Le nettoyage des données consiste à éliminer les erreurs, les duplicata et les incohérences des données collectées. Il s'agit de s'assurer que les informations soient fiables et exploitables. Lors de cette étape, il est fréquent d'utiliser des outils de nettoyage de données, tels que des scripts Python ou des fonctions Excel. En outre, il est essentiel de remplir les valeurs manquantes ou de gérer les données invalides pour éviter toute distorsion dans l'analyse.
La structuration des données implique l'organisation des données collectées selon une structure préétablie. Cela facilite leur accès et leur analyse ultérieure. Les données peuvent être structurées en différentes catégories selon les besoins spécifiques de l'analyse, comme les dates, les types de feedbacks (positifs, négatifs, neutres), ou les segments de clients. L'objectif principal est de rendre les données faciles à manipuler et à interpréter.

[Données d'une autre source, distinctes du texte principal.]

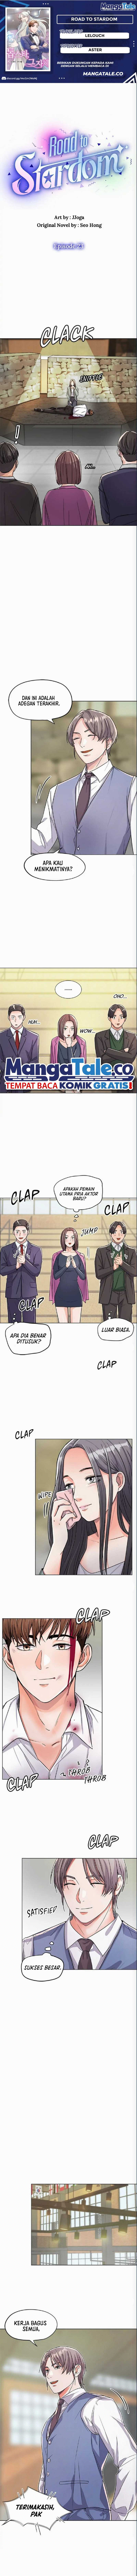 Road to Stardom Chapter 23

Le stockage des données est la dernière étape de la préparation des données et consiste à conserver les données de manière sécurisée et accessible. Les options de stockage peuvent inclure des bases de données relationnelles, des data lakes, ou des systèmes de stockage dans le cloud. Il est également important de mettre en place des politiques de gestion des données pour garantir leur sécurité et leur intégrité à long terme. Des backups réguliers et des mesures de protection des données sont essentiels pour prévenir les pertes de données.
En conclusion, la préparation des données est une série d’étapes cruciales constituant la base sur laquelle reposent toutes les analyses futures. Une bonne préparation assure que les données sont propres, bien organisées et sécurisées, permettant ainsi des analyses précises et exploitables.